A
l'aube, quand la fièvre se repose, l'enfant se souvient
qu'au dehors l'automne
règne et qu'il courait dans les feuilles craquantes,
sous une pluie de
marrons. Comme il courait.
- Je n'irai pas à l'école, je ne mangerai
plus, je ne grandirai plus, je suis malade. J'ai mal à
la tête, très mal à la tête.
L'enfant s'enfouit sous la couette.
Dehors le vent hurle. Sa voix de colère ardente traverse,
transperce les branches et les toits. D'effroi, les dernières
feuilles et les tuiles faîtières s'envolent.
Dehors des cataractes de pluie dévalent les chemins
de la forêt et cascadent vers les prés trempés.
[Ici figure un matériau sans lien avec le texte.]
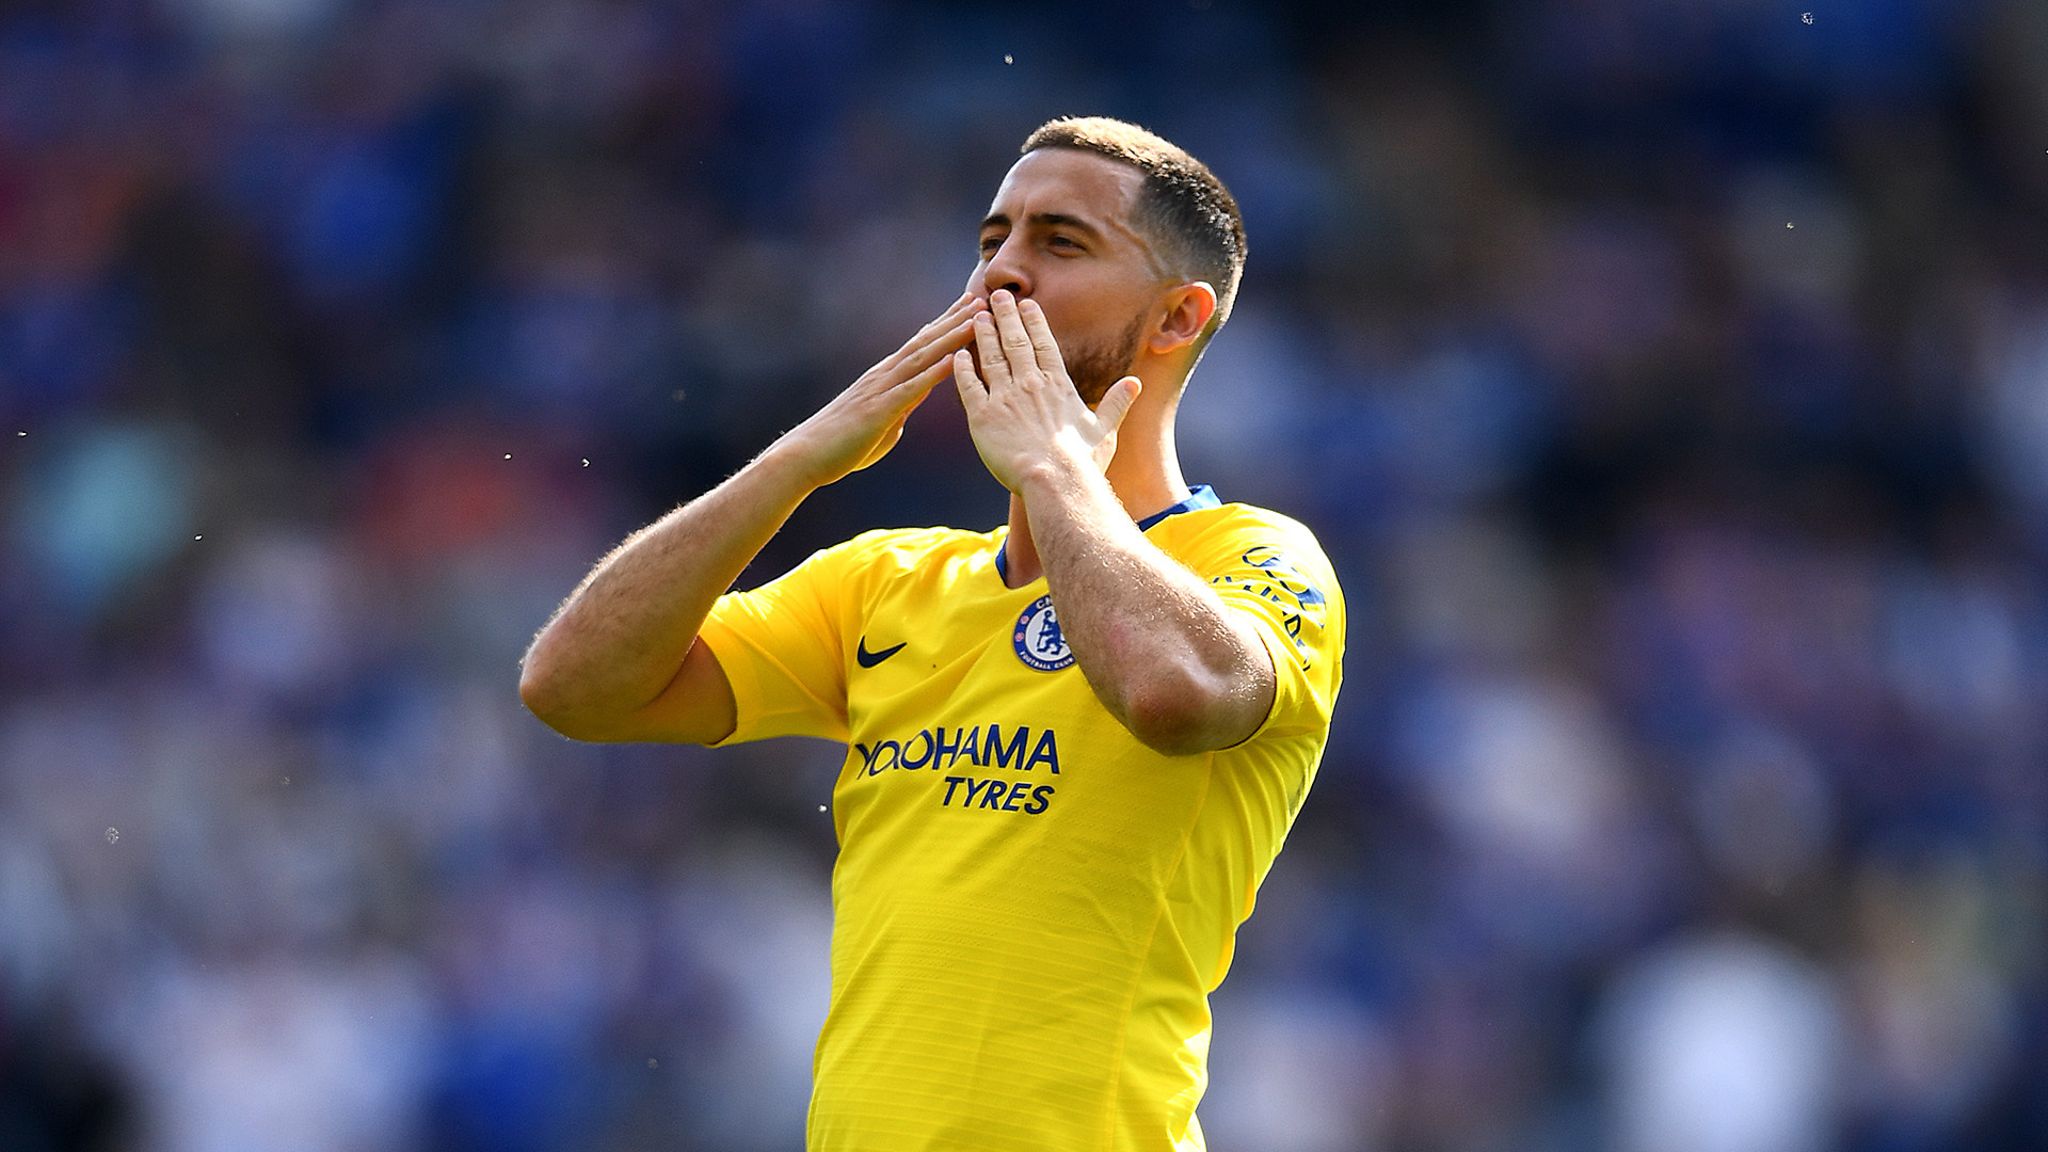 Tin chuyển nhượng sáng 29/5: Chelsea đạt thỏa thuận bán Hazard với mức phí hơn 100 triệu bảng
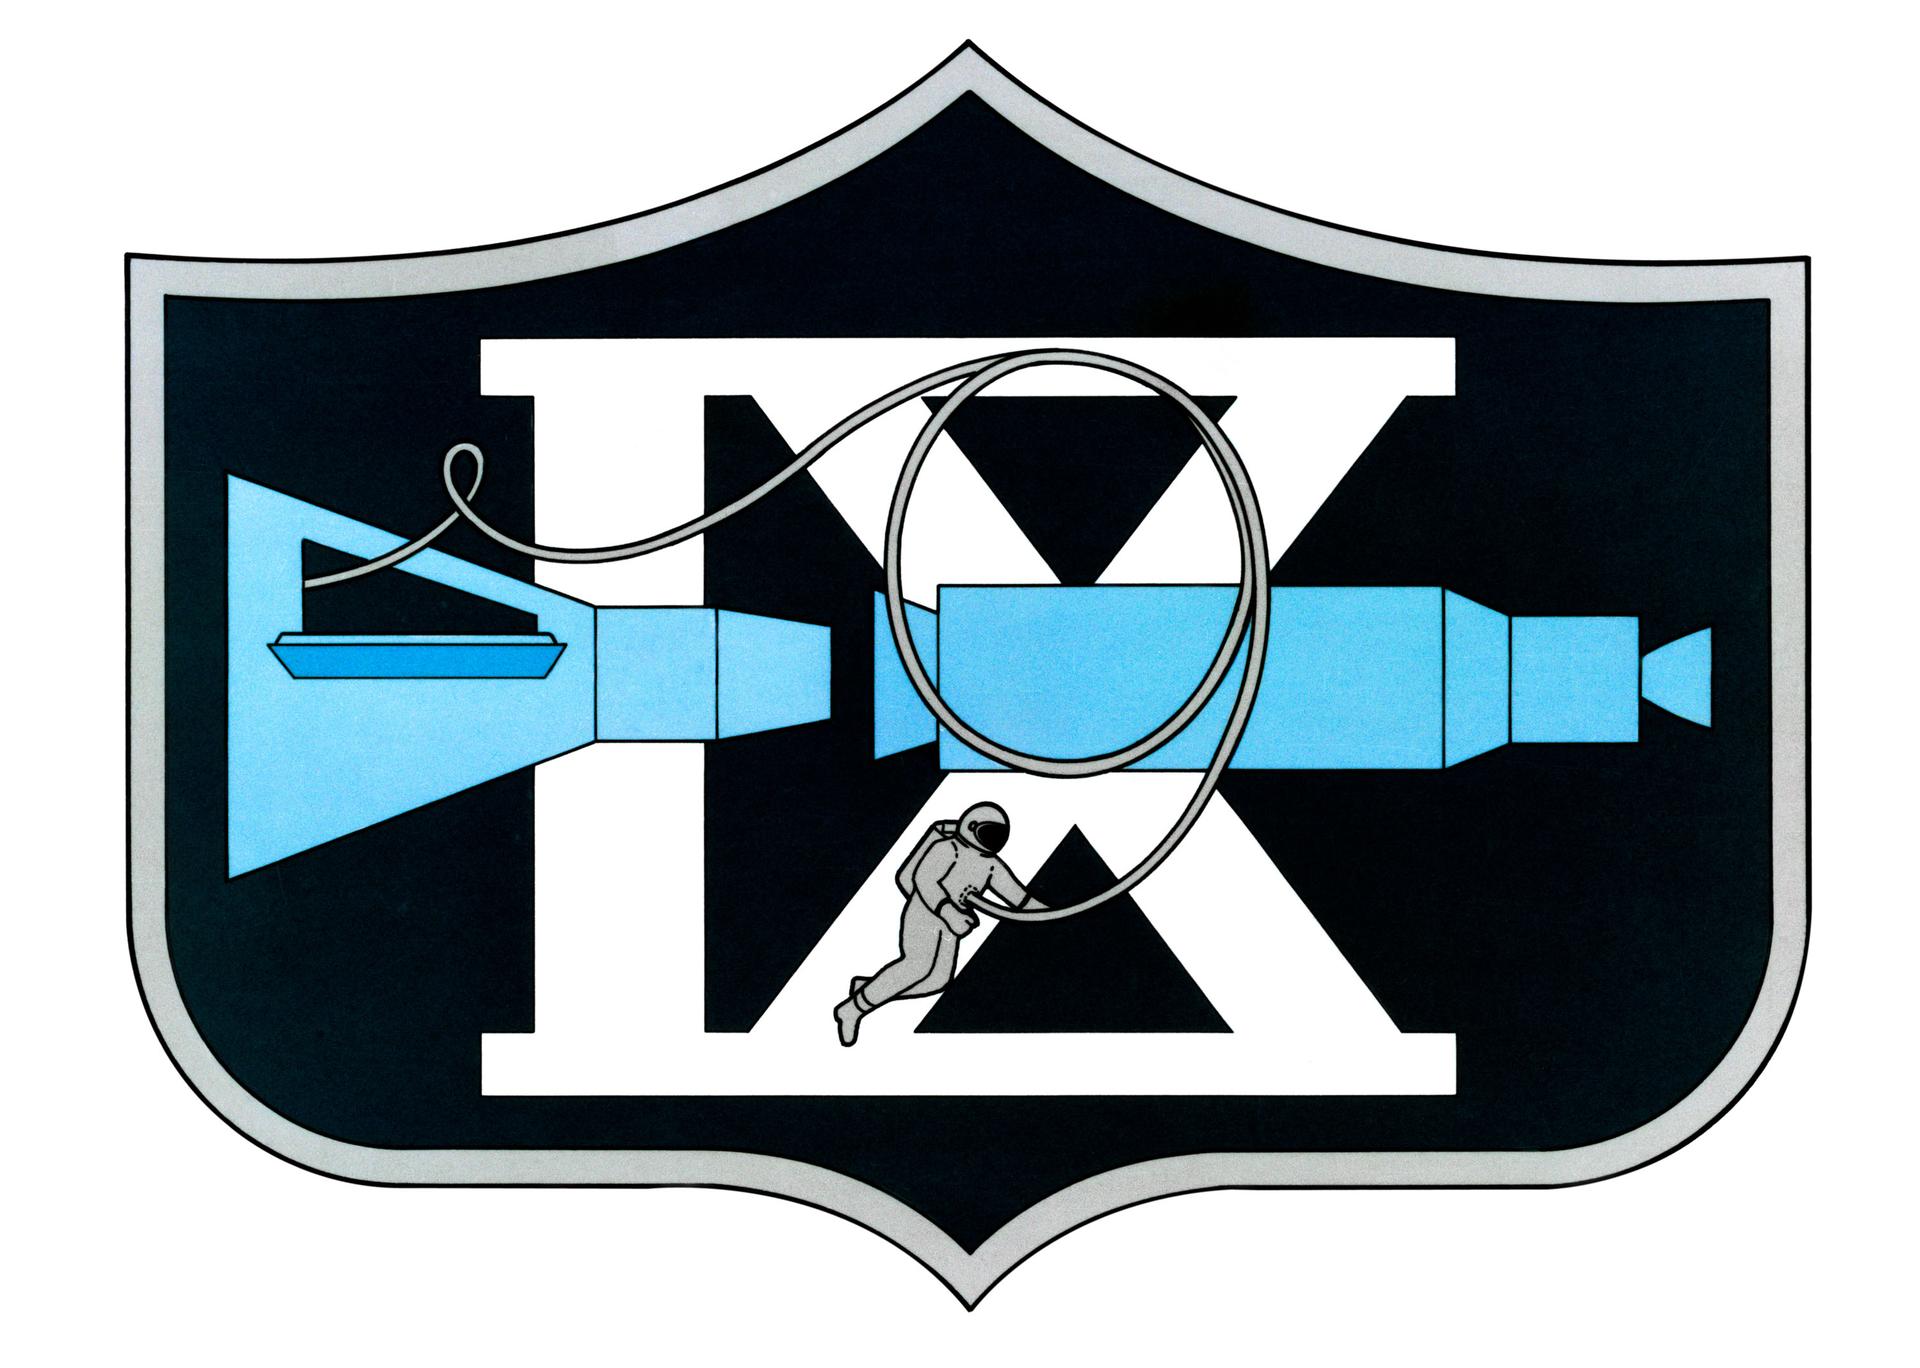 Gemini IX

Dehors l'obscurité règne; un grand noir terrifiant
qui précipite les gens vers les abris, le cercle
étroit des lampes, le feu clair et pétillant.
Dans la chambre nue, seule, la tapisserie affiche son fouillis
réconfortant. Sur le mur est, un artiste
fou a peint des rochers boisés entre lesquels se
devine une grotte d'un rouge vermillon qui appelle l'enfant
à la fugue. Quand la fièvre qui le cloue au
lit escalade les clochers, il s'engouffre dans la gueule
béante et s'y enfonce, s'y enfonce, s'y enfonce toujours
plus avant. Il doit ramper. Réussira-t-il à
rejoindre Garance, la femme immense dont les bras tendres
l'accueilleraient?
- Tu es là?
L'enfant tâtonne:
- Tu es là?
- Je suis toujours là, tu le sais.
La voix est ferme et rassurante. L'enfant se love dans les
plis duveteux de la chair et pose sa joue contre le ventre
brûlant et sonore pour écouter battre le tambour
du sang. Alors la douleur s'apaise, la frénésie
qui rongeait ses tempes s'alentit et s'unit au flux maternel.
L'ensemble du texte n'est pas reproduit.